- [EXERCISE REQUIREMENTS] When you reach a picture, skip it, and retype every line below exactly.

- [INFORMATION SHOWN]
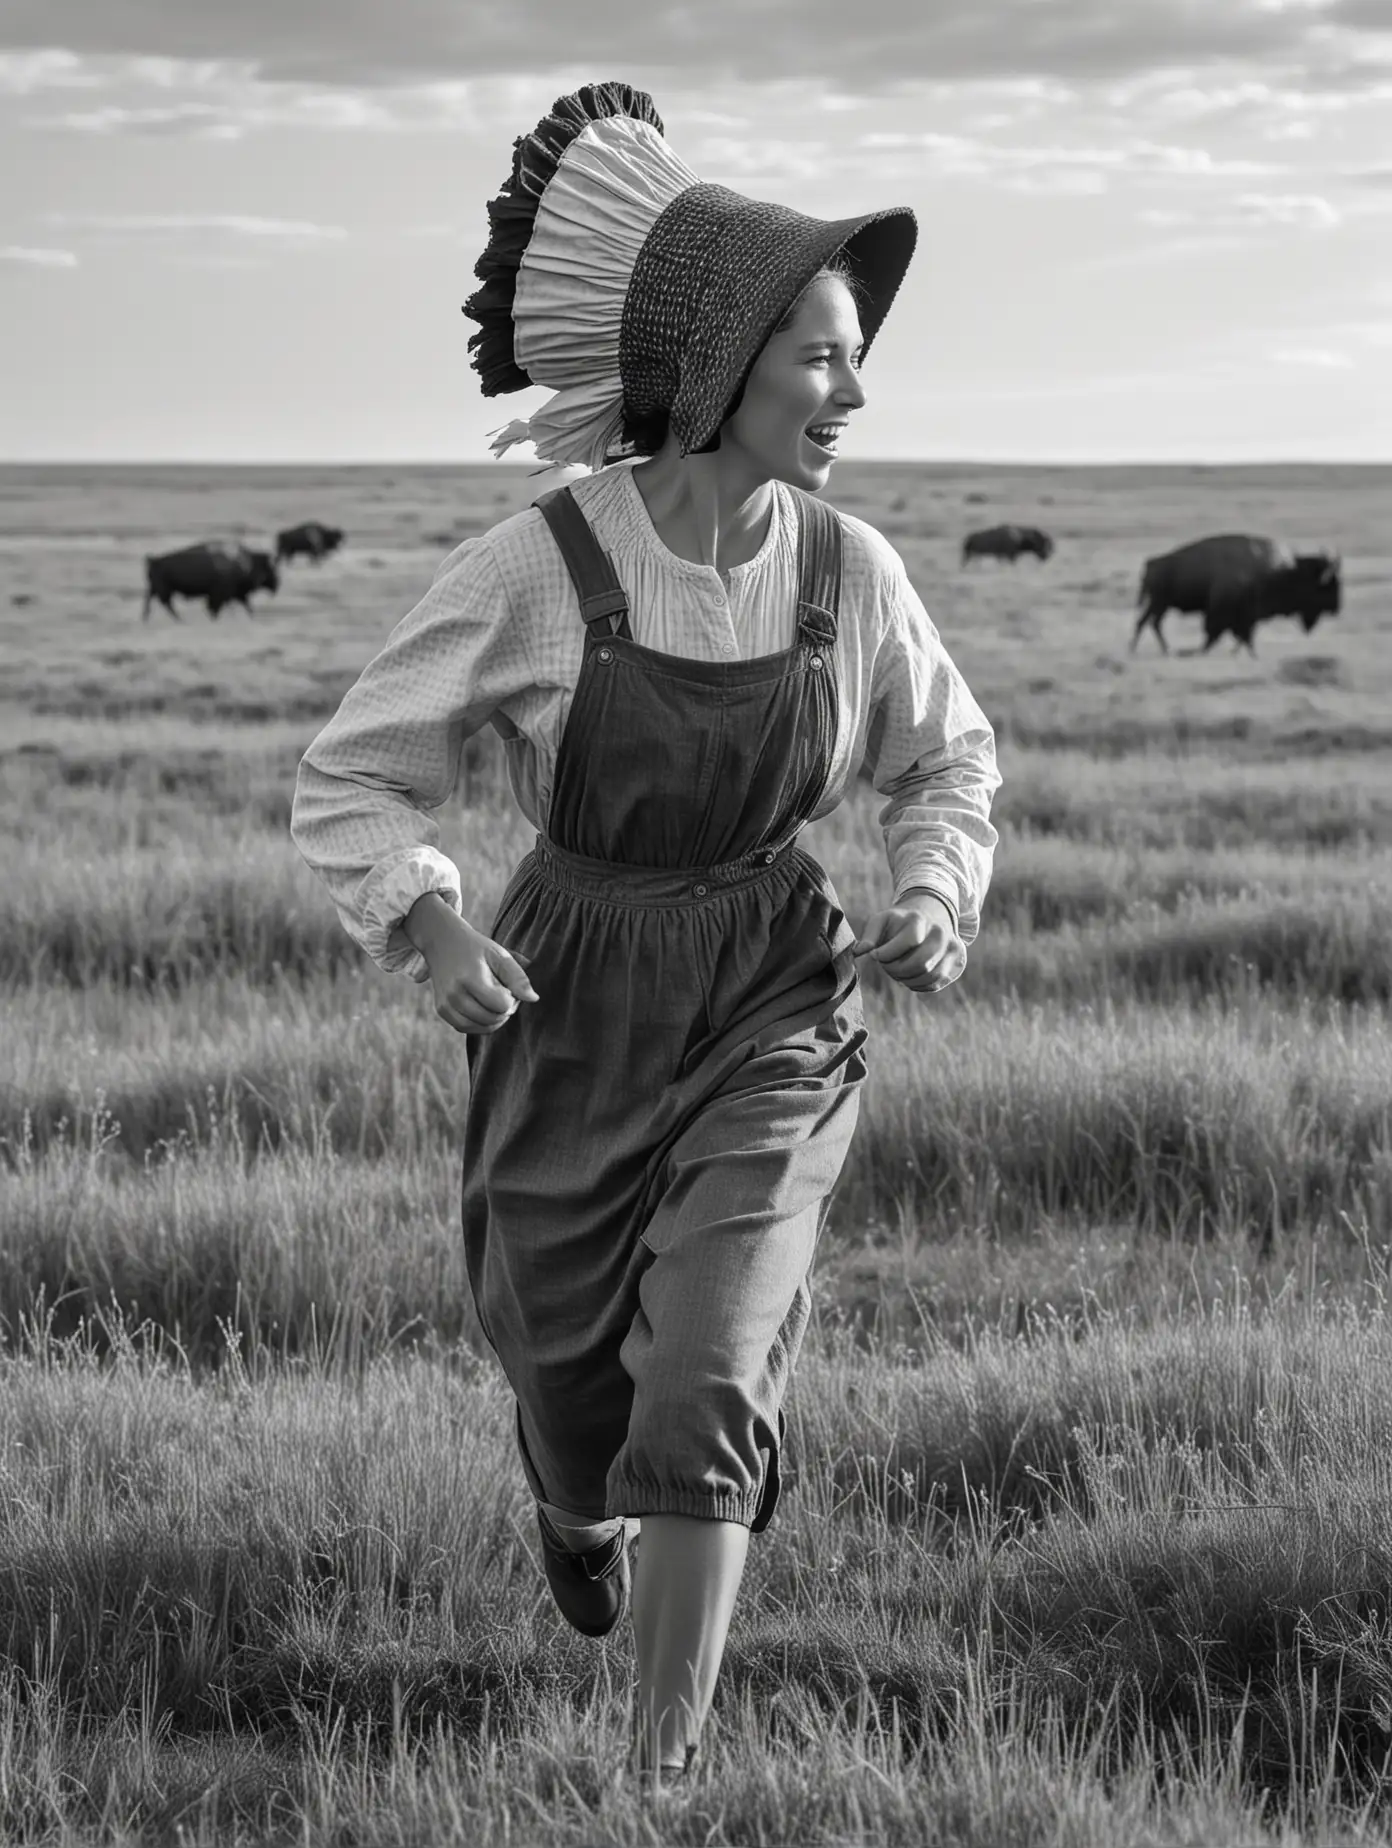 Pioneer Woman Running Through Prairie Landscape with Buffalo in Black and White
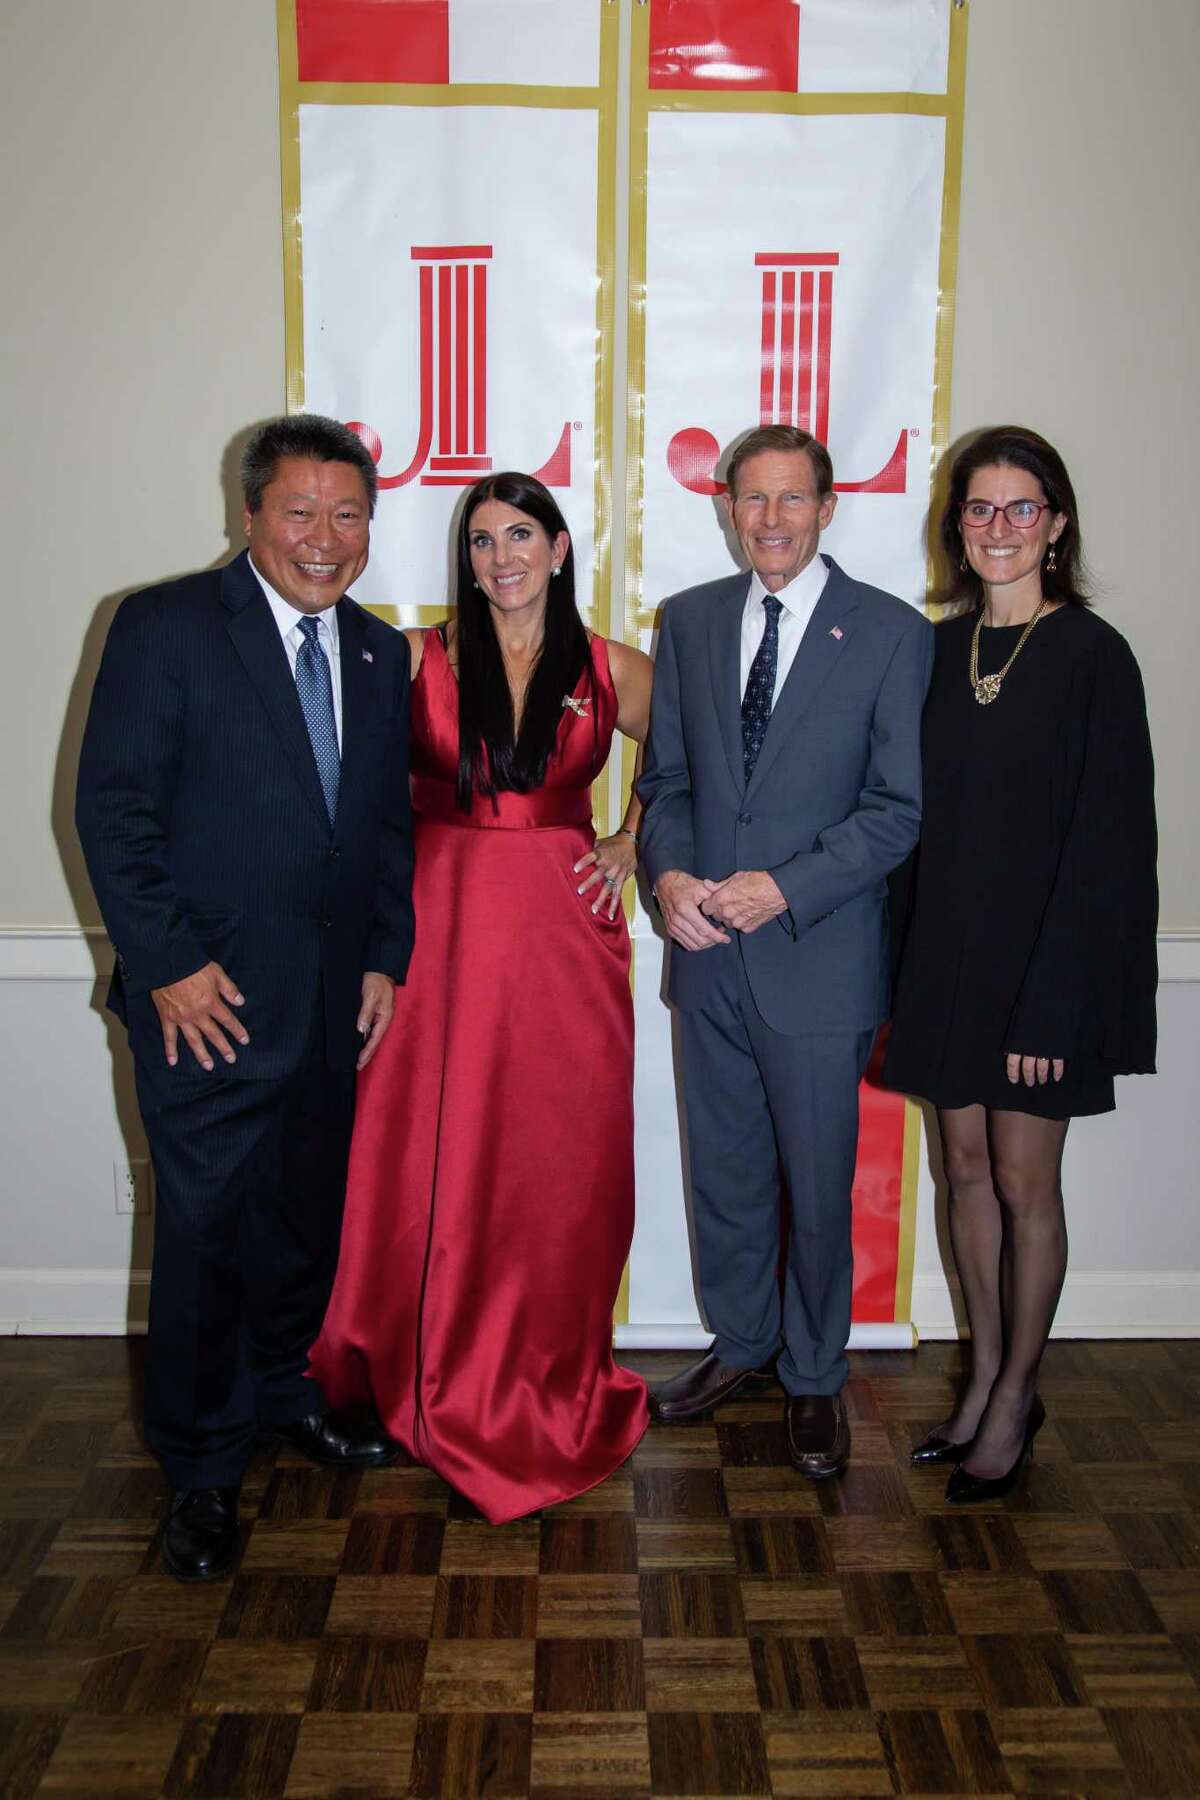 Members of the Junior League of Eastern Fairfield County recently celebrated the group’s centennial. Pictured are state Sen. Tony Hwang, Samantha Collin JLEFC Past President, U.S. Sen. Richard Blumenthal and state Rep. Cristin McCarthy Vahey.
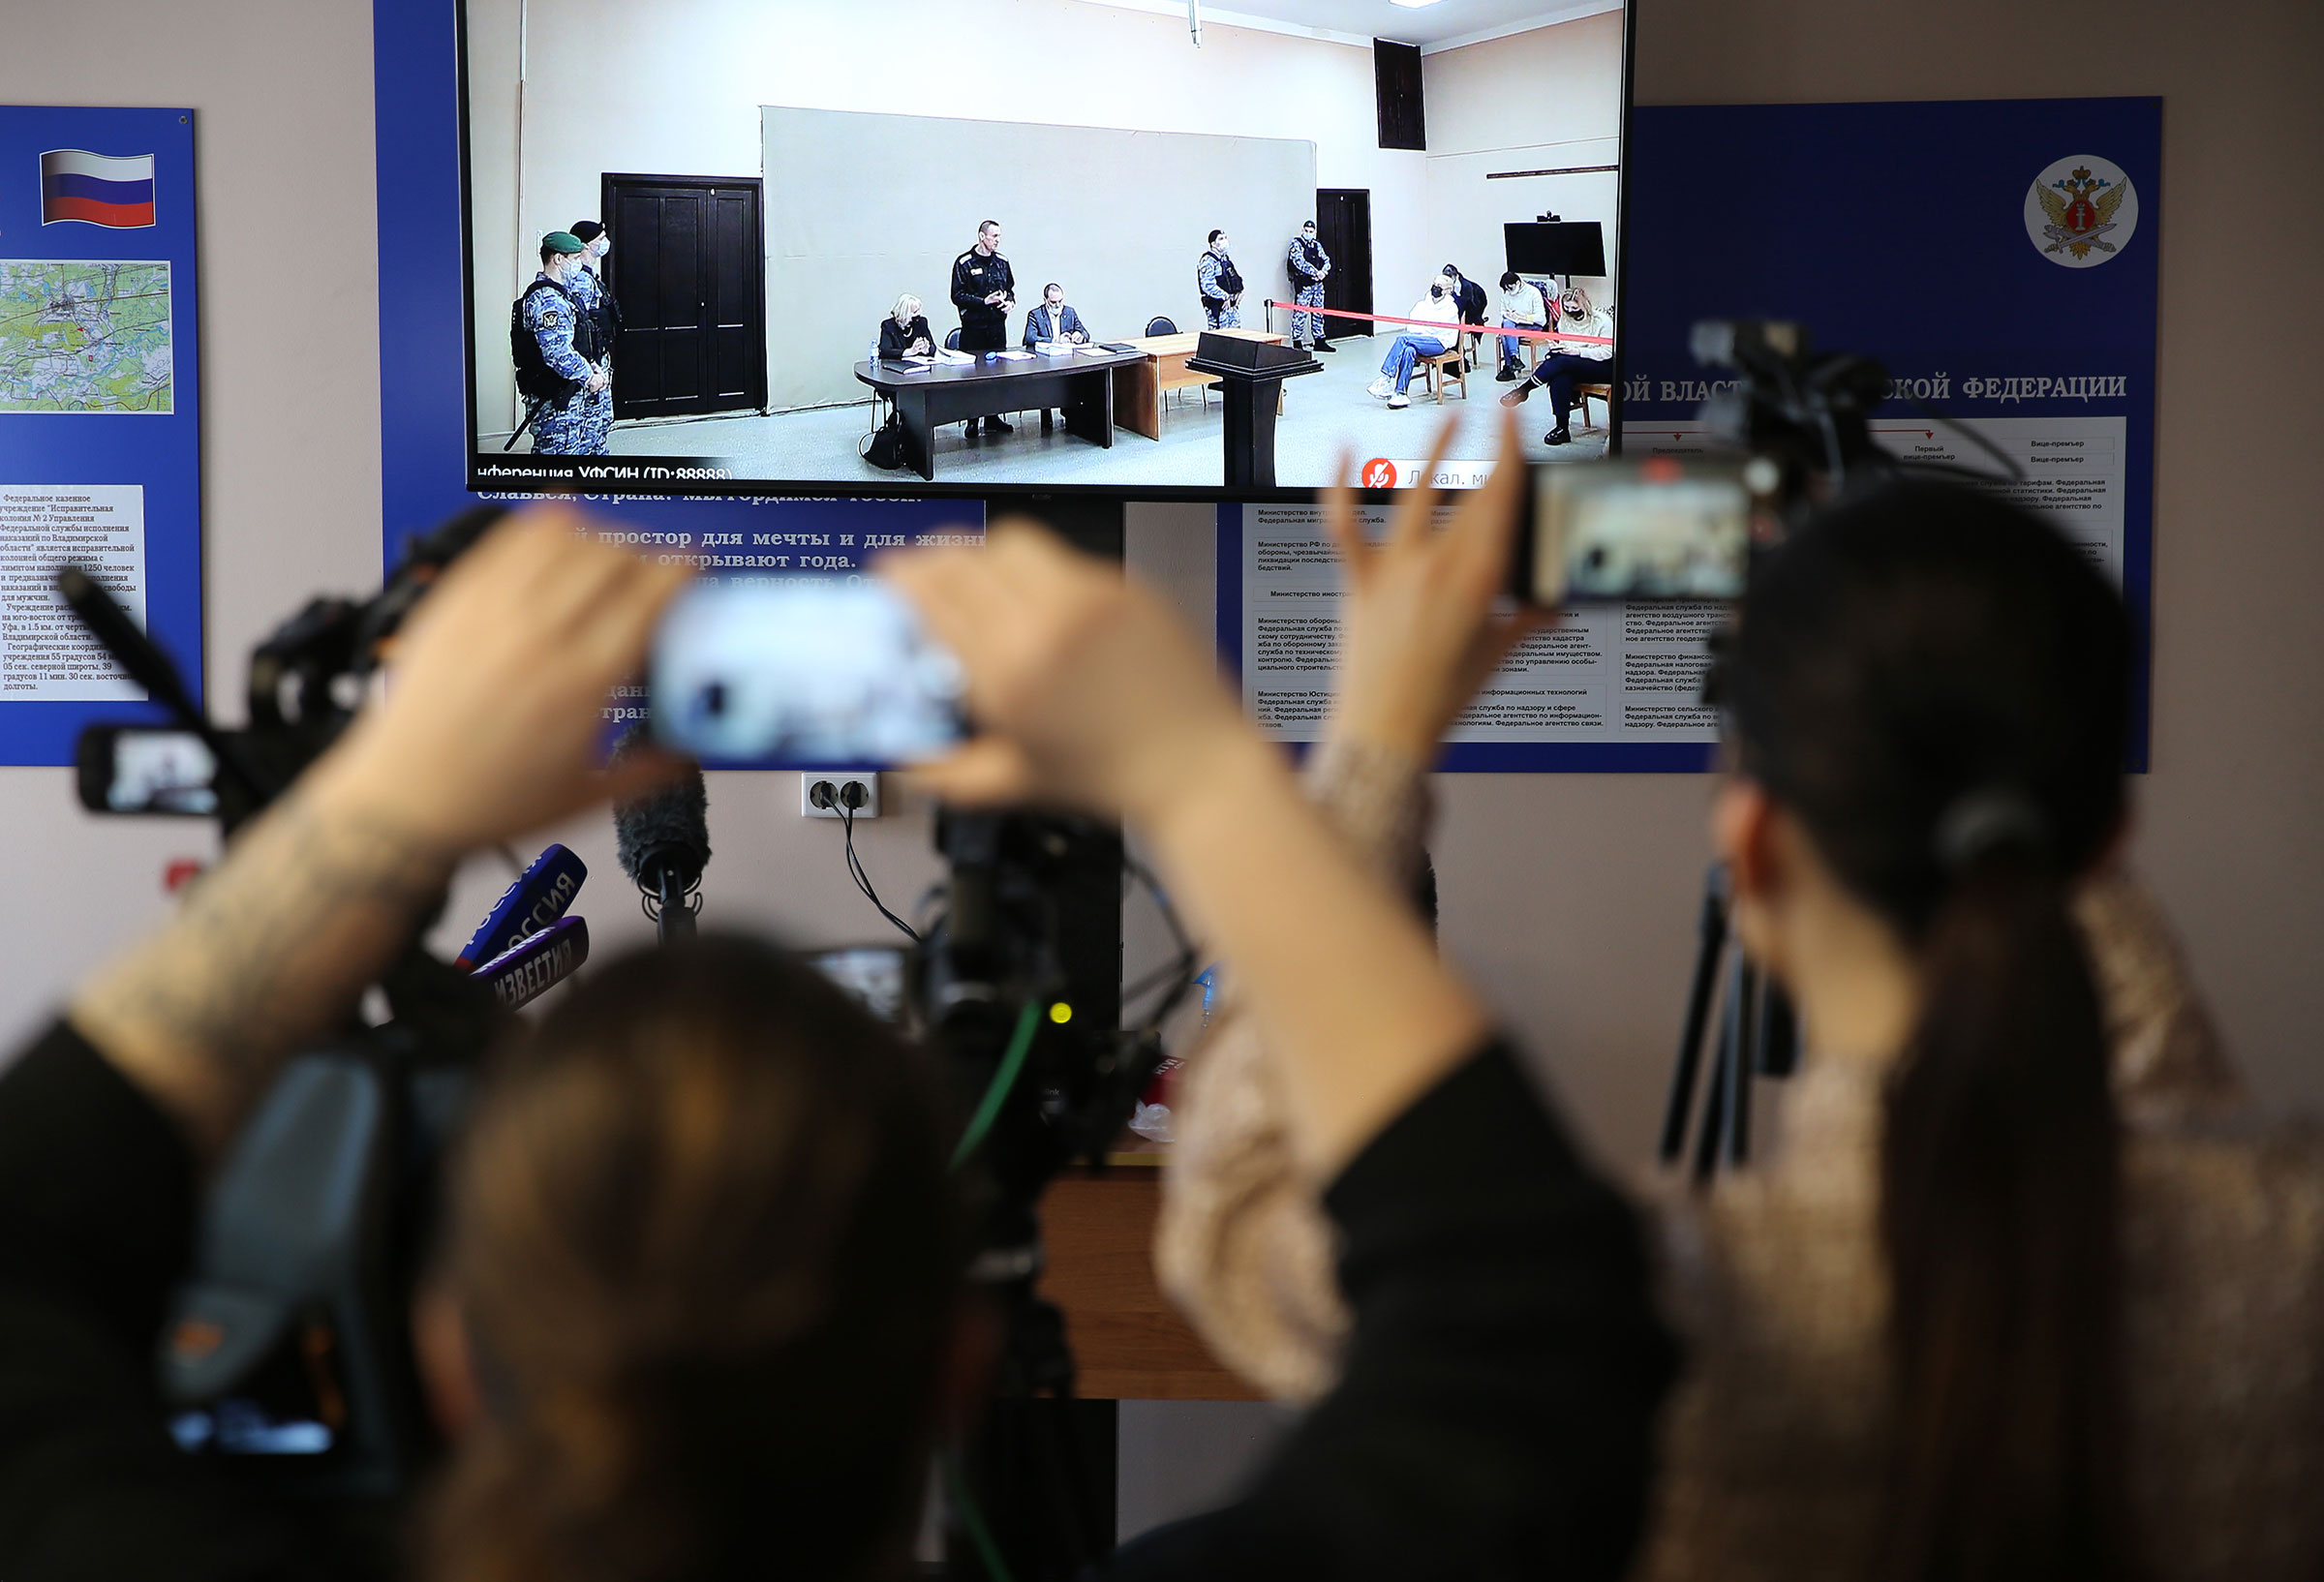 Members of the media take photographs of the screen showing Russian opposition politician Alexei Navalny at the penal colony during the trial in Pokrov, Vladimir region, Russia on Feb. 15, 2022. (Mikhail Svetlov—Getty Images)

- [REPLY]
 Pioneer Woman Running Through Prairie Landscape with Buffalo in Black and White
 Members of the Junior League of Eastern Fairfield County recently celebrated the group’s centennial. Pictured are state Sen. Tony Hwang, Samantha Collin JLEFC Past President, U.S. Sen. Richard Blumenthal and state Rep. Cristin McCarthy Vahey.
 Members of the media take photographs of the screen showing Russian opposition politician Alexei Navalny at the penal colony during the trial in Pokrov, Vladimir region, Russia on Feb. 15, 2022. (Mikhail Svetlov—Getty Images)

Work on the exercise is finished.